After 3 days sequential loading it was easy to calculate that the 500 mio links might take 47 yrs. (without interrupts)
The loader was modified to work in parallel and over time the forecast decreased below 12 yrs.
Now Caché came in:
No SQL approach anymore.
Each piece got its unique table with reverse references
- protocol (http, https, ftp, ...)
DNS section:
- toplevel domains (.com, .uk, .de, .it, ...)
- domains (intersystems, google, ...)
- servers (www, wrc, mail, ....)
---
- pages ()
- url_params() [for source only]
The loader did the spliting of URLs and was writing directly to data + index globals
To make it short : 500mio was reached after 4 days
about 10 days later we had to stop at 1.7 billion links as we ran out of data.
consumed disk storage ~ 30% of previous calculated size for competition
Customer was deeply impressed and I felt like an eagle.
Obviously it was a lot of work to get this moving
but the dramatic distance of competition payed off
and the distinc feeling that that you ride the hottest engine available.
Robert - thanks for posting, and it's great seeing that you're still doing awesome work in this space!
All the best,
Ben
Robert,
thank you for sharing your experience.
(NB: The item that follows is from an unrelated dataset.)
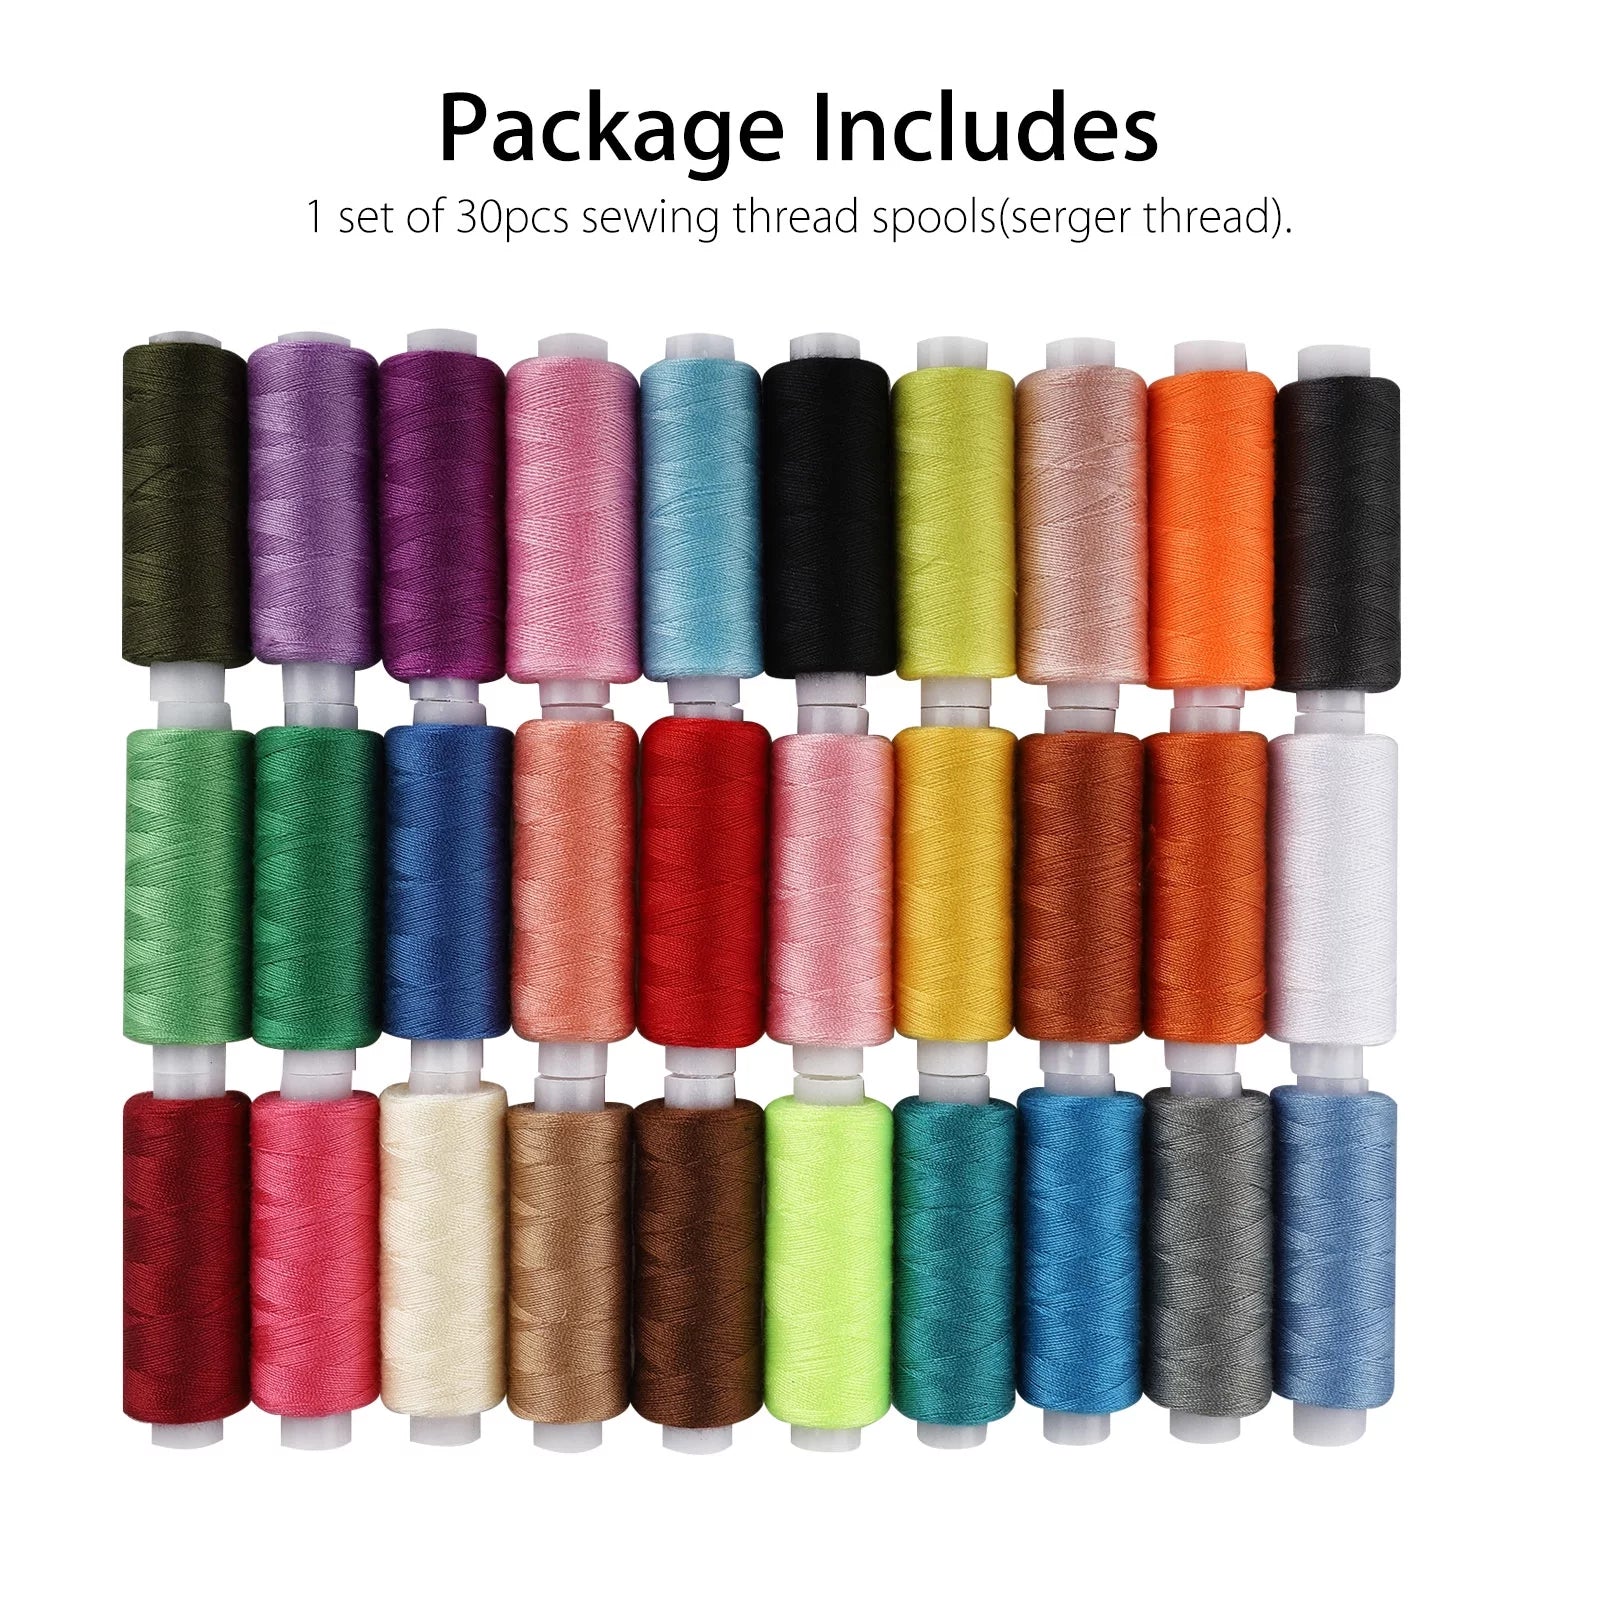 30-Color Sewing Thread Kit: Celectigo 250 Yards Polyester Spools Assortment for Crafts, Clothing, Embroidery - Pink, Blue, Black, Red, Yellow, Orange, White, Green

I'm just curious:
- What was the final database size in GB?
- What tool will be used for data analyzis? If a homemade one, will it be based on Caché?
Alexey,
)
- The final size after some design optimizations was
175 GB DataGlobals + 216 GB IndexGlobals ; separated for backup considerations (on 1 single drive
- data analysis was all done with SQL + a bunch of "homemade" SQL Procedures / ClassMethods running specific subqueries.